GUIDERIUS. — Pourquoi, noble père ? qu’avons-nous à perdre, sinon ce qu’il jurait de nous enlever, nos existences ? La loi ne nous protège pas : pourquoi alors serions-nous assez délicats pour laisser un arrogant morceau de chair nous menacer, faire à la fois les rôles de juge et de bourreau, tout cela de sa seule autorité, parce que nous craignons la loi ? Quelle escorte avez-vous découverte aux environs ?

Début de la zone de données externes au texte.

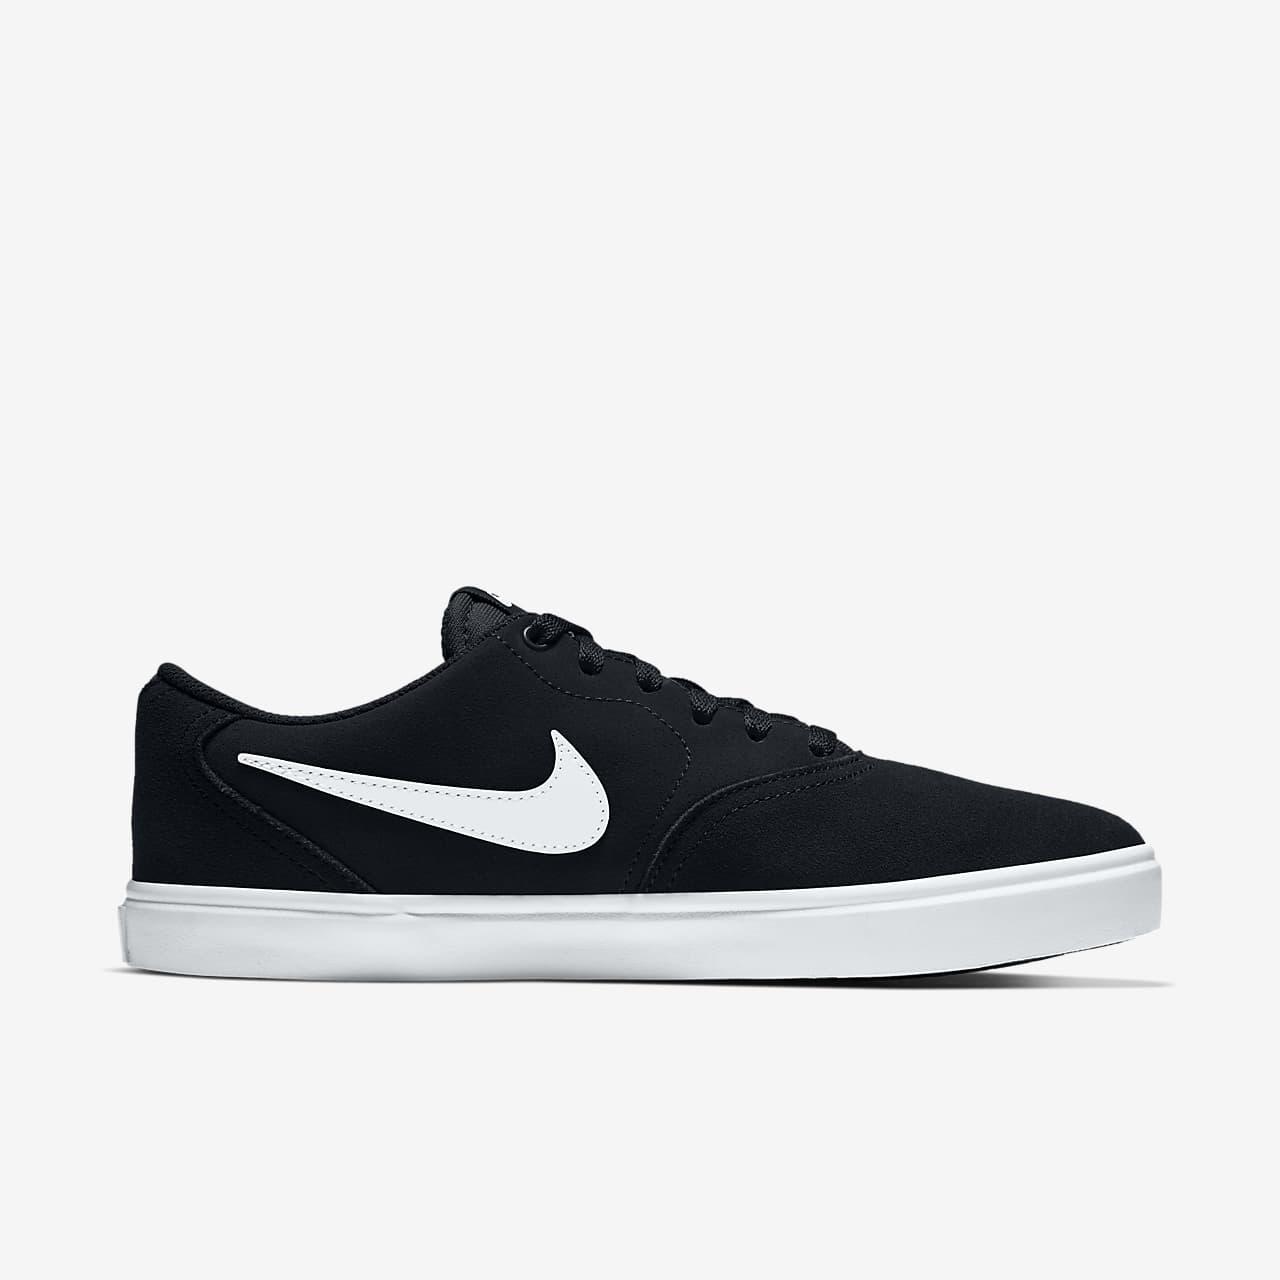 Chaussures de skate NIke SB pour Homme

BELARIUS. — Nous n’avons pas aperçu une seule âme, mais le bon sens dit qu’assurément il devait avoir quelques personnes d’escorte. Quoique son humeur ne fût que changement, — et changement de mal en pire encore, — il n’y a pas de frénésie, de complète folie, qui ait pu le faire délirer au point de l’amener seul ici. — Il est possible qu’on ait dit à la cour que des gens répondant à notre signalement logeaient ici dans une grotte, chassaient ici, menaient la vie de proscrits, et à l’occasion pourraient entreprendre quelque coup audacieux : en apprenant ce fait, peut-être aura-t-il eu un accès de fureur, — cela lui ressemblerait, — et aura-t-il juré de venir nous empoigner ; mais il est improbable qu’il soit venu seul pour exécuter une chose semblable, ou que les personnes de la cour l’aient laissé faire : notre crainte a donc de bons fondements, si nous craignons que ce corps n’ait une queue plus dangereuse que la tête.

ARVIRAGUS. — Qu’il en arrive comme les dieux l’ont d’avance décrété : quelque chose qui advienne, mon frère a bien fait.